For my own part, I've written a few short stories, all of them within the context of a Short Story Workshop class (which I repeated to the 4-semester limit) at the local junior college, set in a "First Contact Corps" milieu. I can't recall off the top of my head what it was I called the interstellar government of which the "First Contact Corps" was a unit, but I know it was a name I hadn't seen used, and that the government, as I imagined it, was somewhat of an amalgam of ST's UFP, ADF's Humanx Commonwealth, probably a bit of B5's Interstellar Alliance, and maybe a little bit of every other interstellar government I'd seen in SF literature. (One of the non-Humanoid alien species was named the "Lozadians," after a classmate.)
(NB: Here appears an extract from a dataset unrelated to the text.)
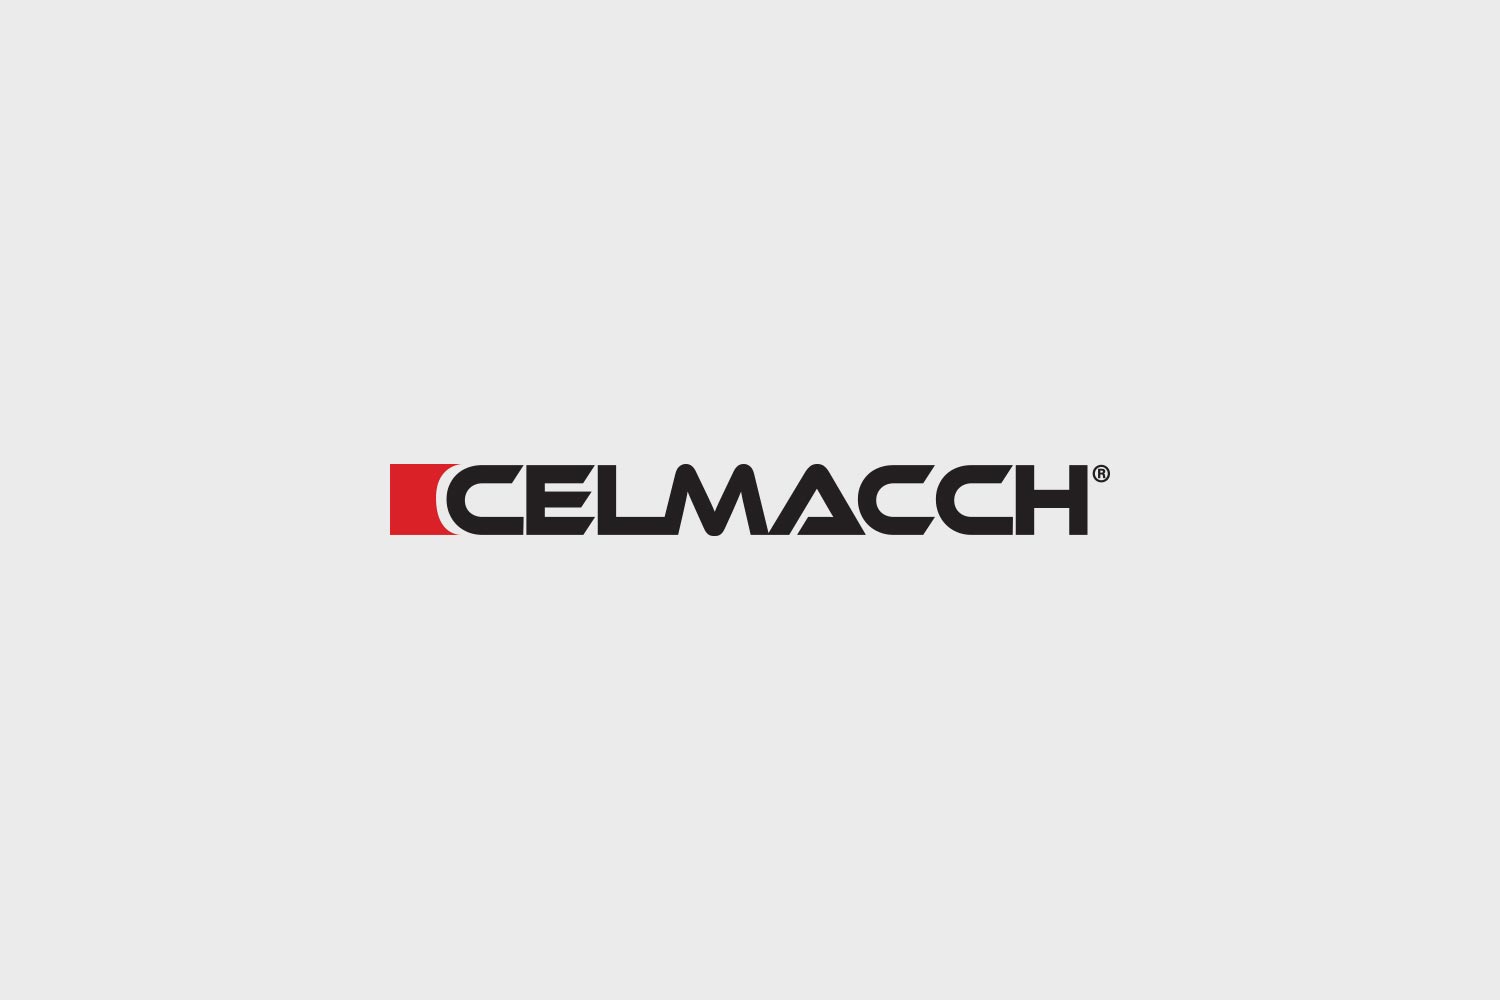 Celmacch-group

And I wrote a couple of ST short stories in the class as well: a Borg origin story, and a "Man Trap" sequel (doubly strange, since I loathe both Borg stories even more than I loathe the Salt Vampire), none of them good enough to even bother submitting to SNW, even if it were running at the time. As well as a short "high shock value" piece derived from a nightmare, that had no detailed milieu beyond a sentient insectoid with an enormous stinger, taking sadistic pleasure in the use of that stinger.

At that point, I was writing anything I could to satisfy the demand for "something other than another 'Organ Princess' story." (I also wrote a "flash fiction" piece, taking a "fly-on-the-wall" perspective in a classroom full of students getting their first exposure to Shirley Jackson's The Lottery.)
 
"Organ Princess"?
Yes. I've had a novel in gestation for many years, working title The Cuckoo Nightingale (a play on the nickname of the Handel 13th organ concerto), about the adventures and coming-of-age of Jennifer Christine Schweitzer, a child-prodigy organist, growing up in the 1970s and early 1980s. And that project has produced a number of story ideas that didn't work as B-plots for the novel, but did work as short stories.
 
Oh, that kind of organ!

I admit my mind went immediately to viscera and transplants and black-market kidneys or whatever.
 
Better that than having your mind go to reproductive organs.

(Speaking of which, given that most digital organs (e.g., Allen, Rodgers, Ahlborn, Technics, Roland, &c), as well as the Hauptwerk software digital organ, are all based on digital sampling, reproducing samples recorded from real pipes, rather than attempting to simulate them, do they qualify as "reproductive organs"?)